Oogie Mane had his first notable productions in late 2013 on Xavier Wulf's "The Alpha K9' and Chris Travis' "Another Planet" and "Night Ryder". Working on Dying's debut tape was The Loosieman Presents: Working On Dying, released on January 3, 2014. The tape featured ambient synths mixed with vocals from Lil B, Gucci Mane and a TED Talk about death from Peter Saul, an intensive care unit specialist. At this time, Forza was not heavily involved in the group as he was pursuing interests in football and skateboarding, though he would become more involved a year later.

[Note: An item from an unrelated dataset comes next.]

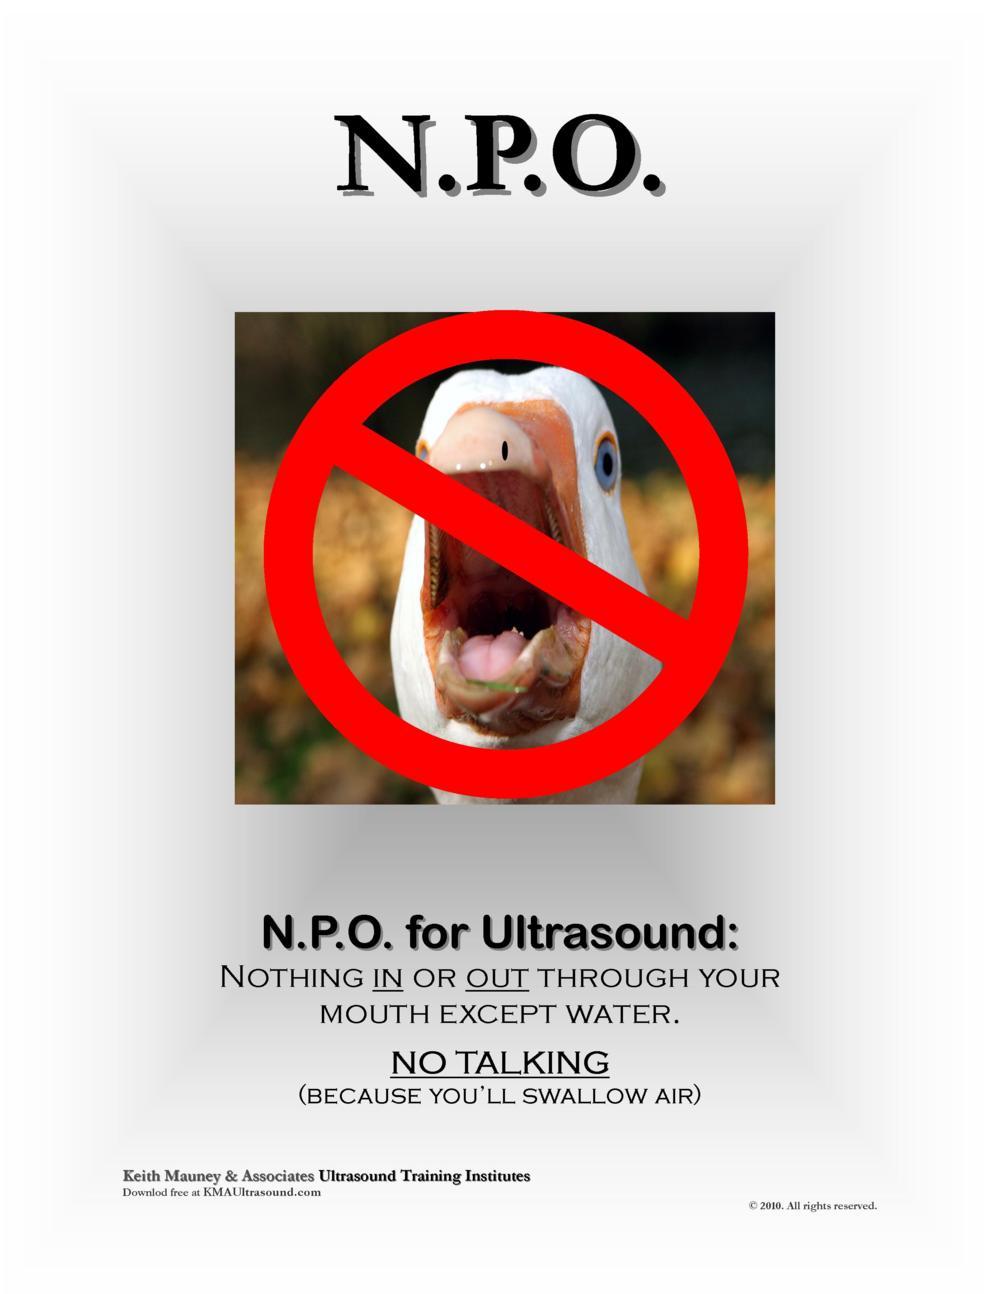 KMA Ultrasound NPO for Ultrasound

Brandon Finessin, who was a close friend of the group during high school, would learn how to make beats from F1lthy and joined the team officially around the same time. Working on Dying began to reach out to Black Kray and Goth Money, establishing more connections within the underground community, while Oogie Mane's production on Lil Uzi Vert's mixtape The Real Uzi brought more recognition when released in late 2014.

=== Tread style ===

Working on Dying is often attributed with creating the trap sub-genre tread, which was coined by frequent collaborator Bootychaaain.' The genre is characterized by futuristic synthesisers, slowed down samples, busier drum programming with distinctive 808 patterns, high tempo (usually set around 160 to 190), usually having off-beat hi-hats in addition to trap's triplets and a fast style of lethargic rapping. It's also usual for producers to take influences from cloud rap such as lushy synth pads and reverb-heavy atmospheric production.

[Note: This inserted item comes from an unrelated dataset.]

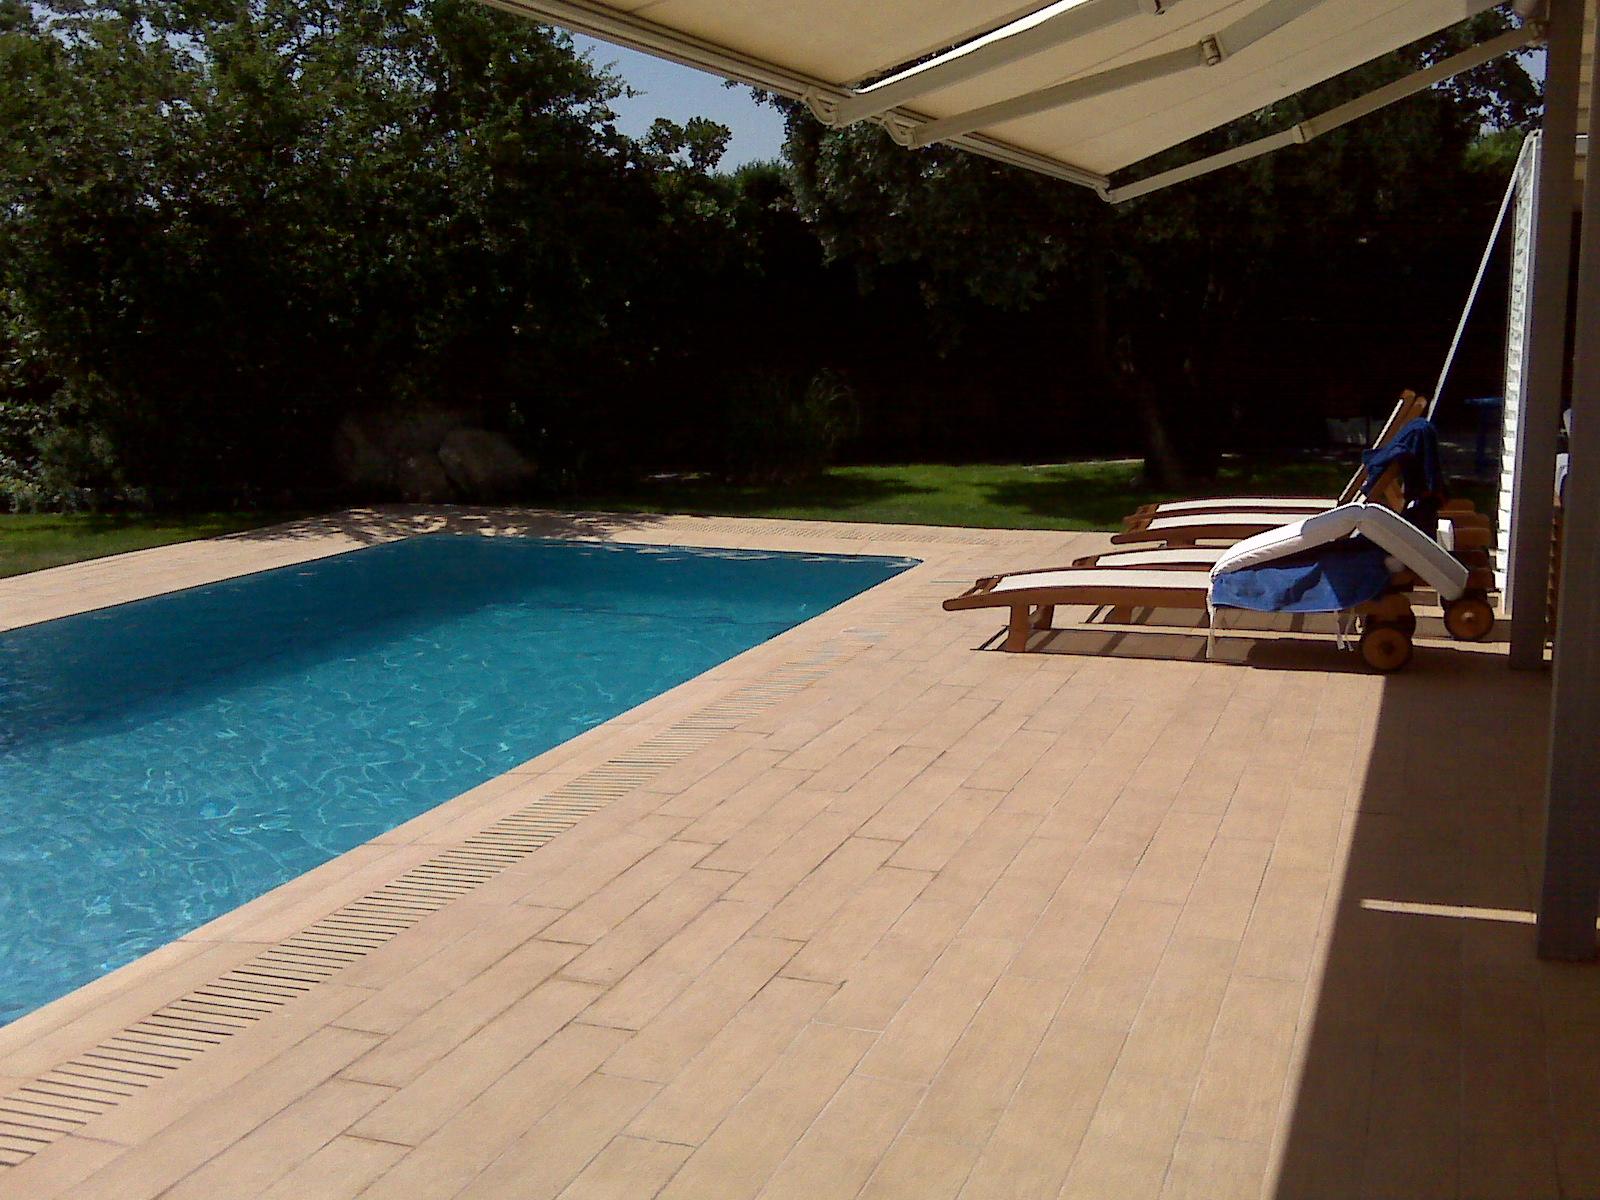 Rosa gres el sistema desbordante para piscina privada en for Gres para piscinas

Forza has been credited with tuning 808s into a unique style that would later develop into tread. According to WOBC-FM, production by Forza included "his signature high tempo drums and unconventional 808 patterns that automatically makes you want to mosh", describing him as "a pioneer in the underground’s Soundcloud scene". One of the first works recognized as proliferating tread rap was 5 Finger Posse's mixtape Trapped in the Trenches, produced by Working on Dying.

As tread became more established, Working on Dying would then promote their music through weekly releases called "Tread Tuesdays", a play on Kanye West's GOOD Fridays. Various rappers would be involved with the popularity of tread rap including Lucki, Lil Yachty, Black Kray, Hi-C, WiFiGawd, 5 Finger Posse, Chxpo and others. The collective's persistent promotion through live performances, internet streams and consistent releases would pay off and bring them into the mainstream rap scene.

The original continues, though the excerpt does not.